Data Carpentry for Oceanographers

Using python to accelerate research and increase reproducibility

Syllabus

This workshop is based on lessons developed by the Carpentries (See https://carpentries.org for more information about the Carpentries organisation.) The episode order in the schedule below is rearranged below to improve flow and content for the oceanographer audience.

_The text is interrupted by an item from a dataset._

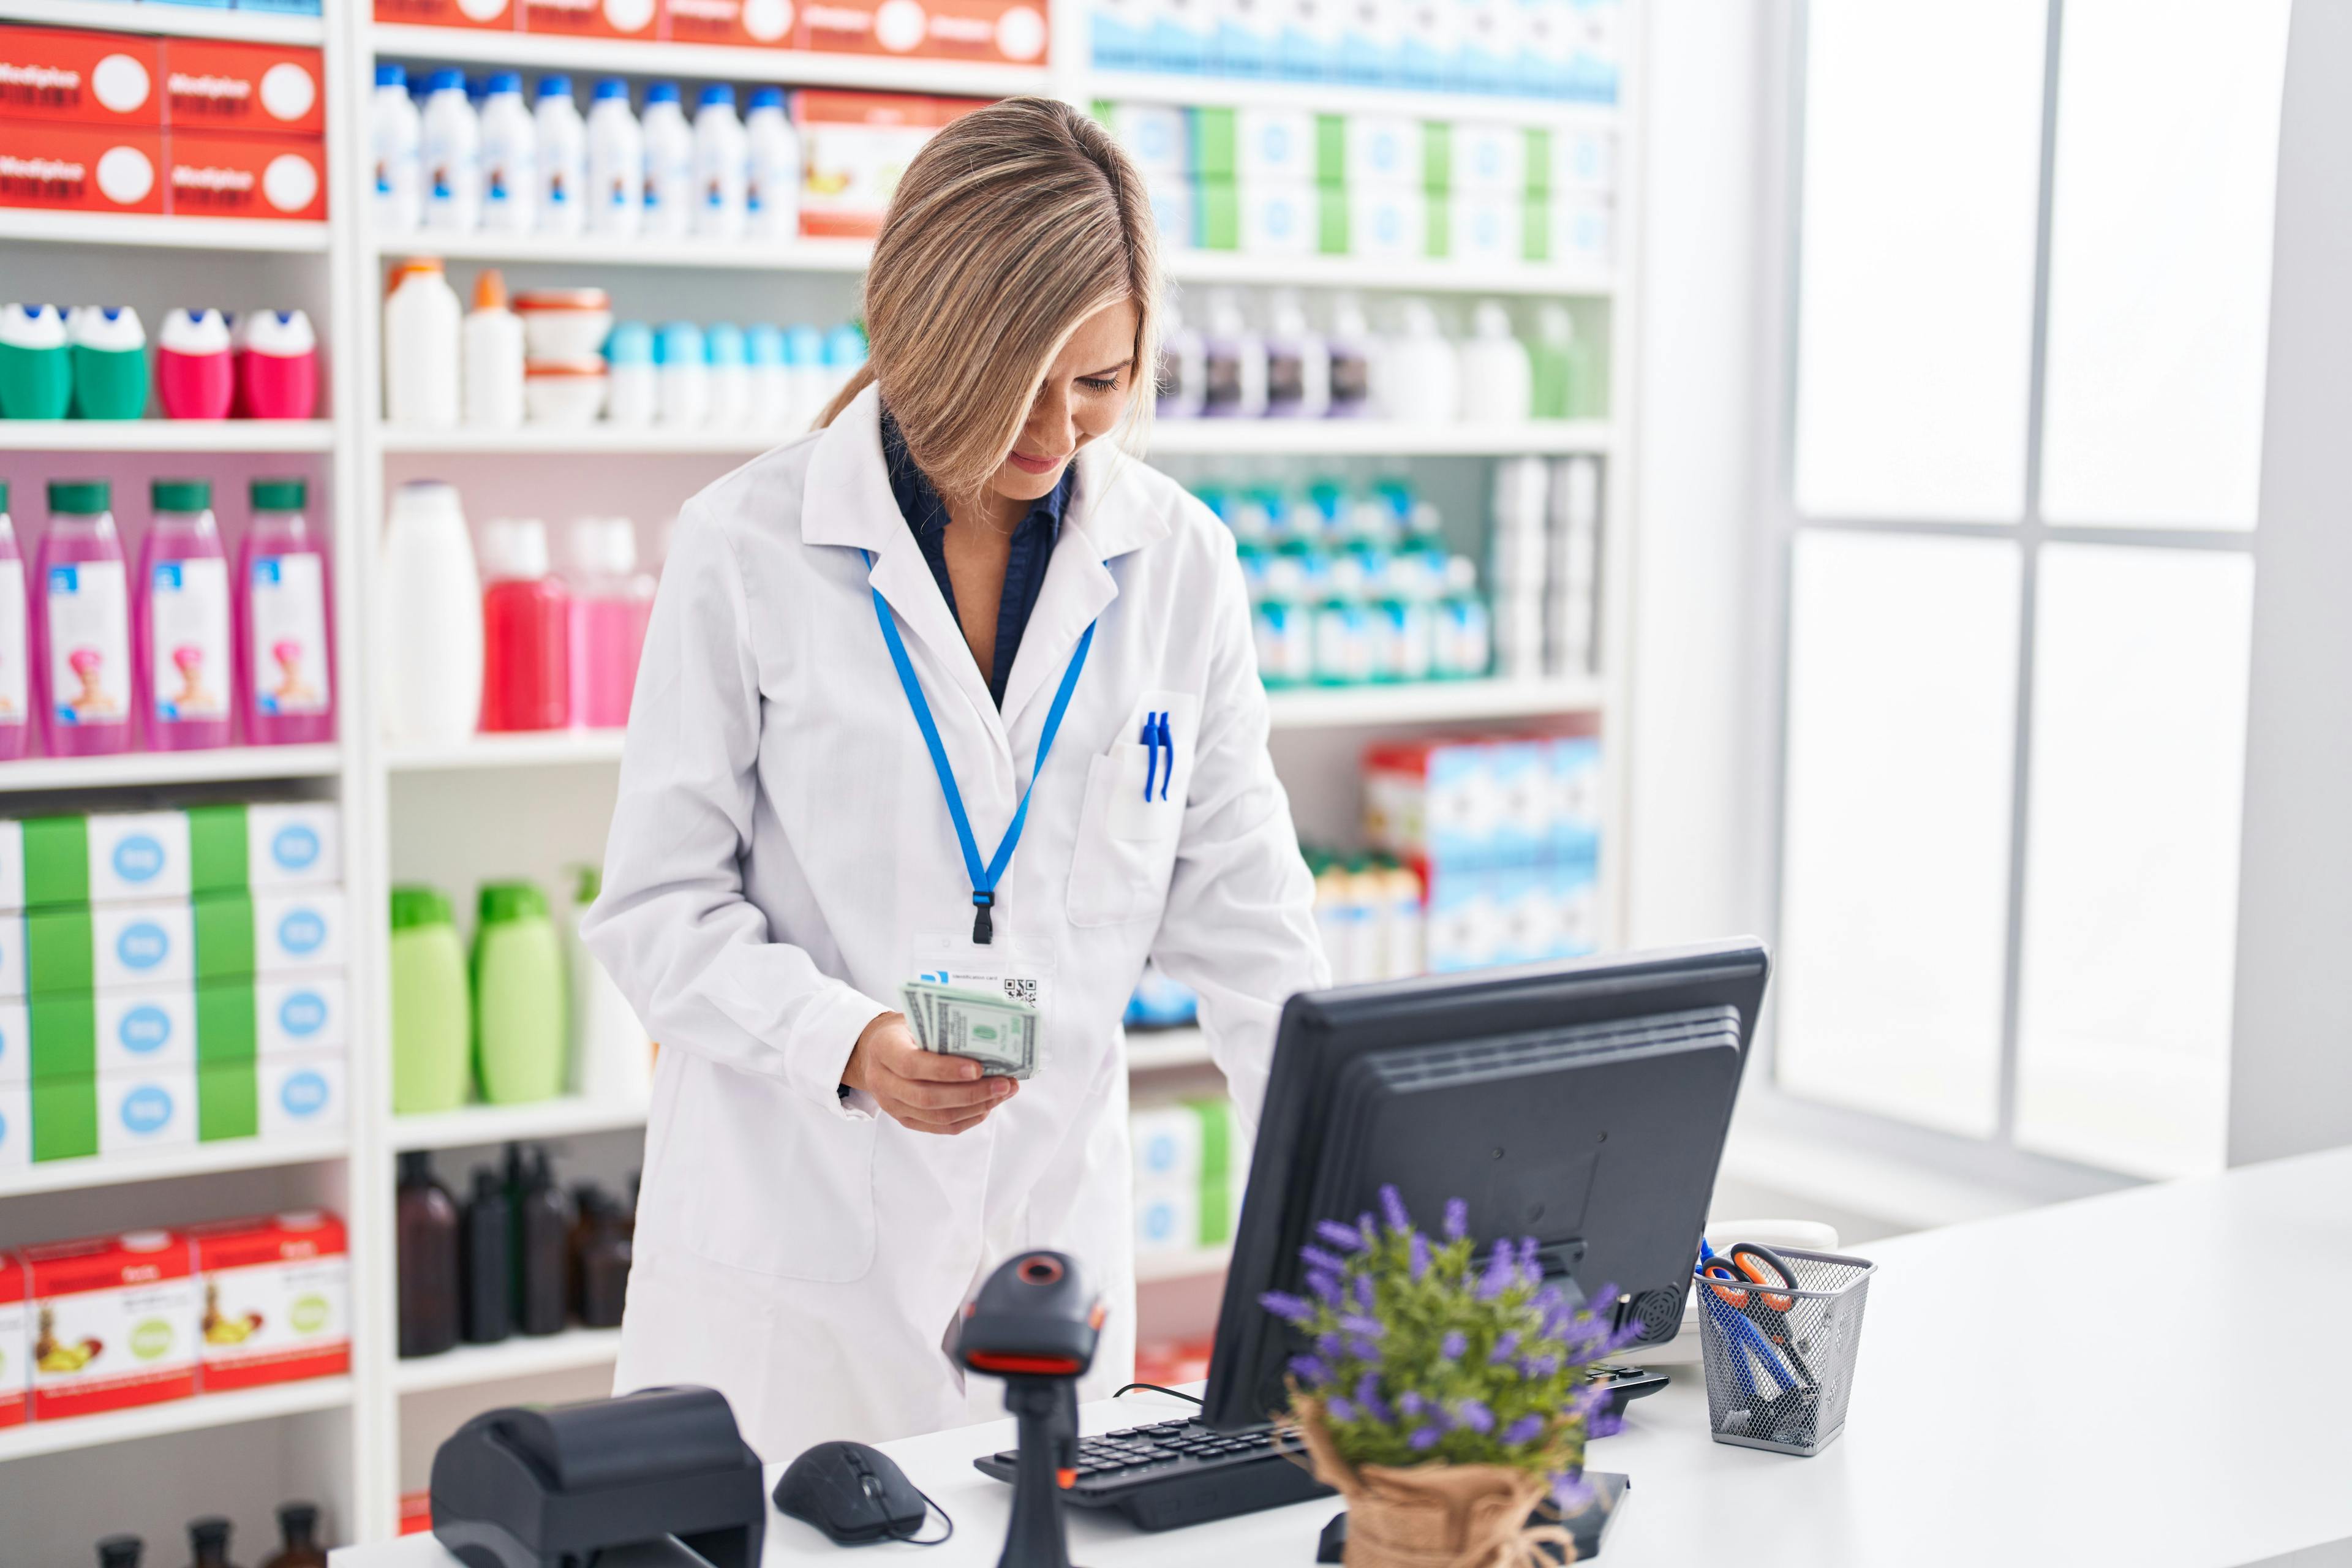 Pharmacist putting money into cash register / Krakenimages - stock.adobe.com

The original source lessons used for this Carpentry are:

Schedule

Setup Download files required for the lesson
00:00 1. Introduction What are basic principles for using spreadsheets for good data organization?
00:18 2. Formatting data tables in Spreadsheets How do we format data in spreadsheets for effective data use?
00:53 3. Formatting problems What are some common challenges with formatting data in spreadsheets and how can we avoid them?
01:13 4. Dates as data What are good approaches for handling dates in spreadsheets?
01:26 5. Quality control How can we carry out basic quality control and quality assurance in spreadsheets?
01:46 6. Exporting data How can we export data from spreadsheets in a way that is useful for downstream applications?
01:56 7. Before we start What is Python and why should I learn it?
02:26 8. Short Introduction to Programming in Python What is Python?
Why should I learn Python?
02:56 9. Starting With Data How can I import data in Python?
What is Pandas?
Why should I use Pandas to work with data?
03:56 10. Data Types and Formats What types of data can be contained in a DataFrame?
Why is the data type important?
04:41 11. Indexing, Slicing and Subsetting DataFrames in Python How can I access specific data within my data set?
How can Python and Pandas help me to analyse my data?
05:41 12. Combining DataFrames with Pandas Can I work with data from multiple sources?
How can I combine data from different data sets?
06:26 13. Software installation using conda How do I install and manage all the Python libraries that I want to use?
How do I interact with Python?
06:56 14. Data Ingest and Visualization - Matplotlib and Pandas What other tools can I use to create plots apart from ggplot?
Why should I use Python to create plots?
08:41 15. Making Plots With plotnine How can I visualize data in Python?
What is ‘grammar of graphics’?
10:11 16. Refresher
10:41 17. Data Workflows and Automation Can I automate operations in Python?
What are functions and why should I use them?
12:11 18. Introduction to netCDF What is NetCDF format?
Why using Xarray for NetCDF files in Python
12:26 19. Visualising CMIP data How can I create a quick plot of my CMIP data?
13:26 20. Refresher
13:36 21. Functions How can I define my own functions?
14:16 22. Vectorisation How can I avoid looping over each element of large data arrays?
14:46 23. Command line programs How can I write my own command line programs?
15:36 24. Version control How can I record the revision history of my code?
16:11 25. GitHub How can I make my code available on GitHub?
16:36 26. Defensive programming How can I make my programs more reliable?
17:06 27. Data provenance How can keep track of my data processing steps?
17:36 28. Accessing SQLite Databases Using Python and Pandas What if my data are stored in an SQL database? Can I manage them with Python?
How can I write data from Python to be used with SQL?
18:21 Finish

The actual schedule may vary slightly depending on the topics and exercises chosen by the instructor.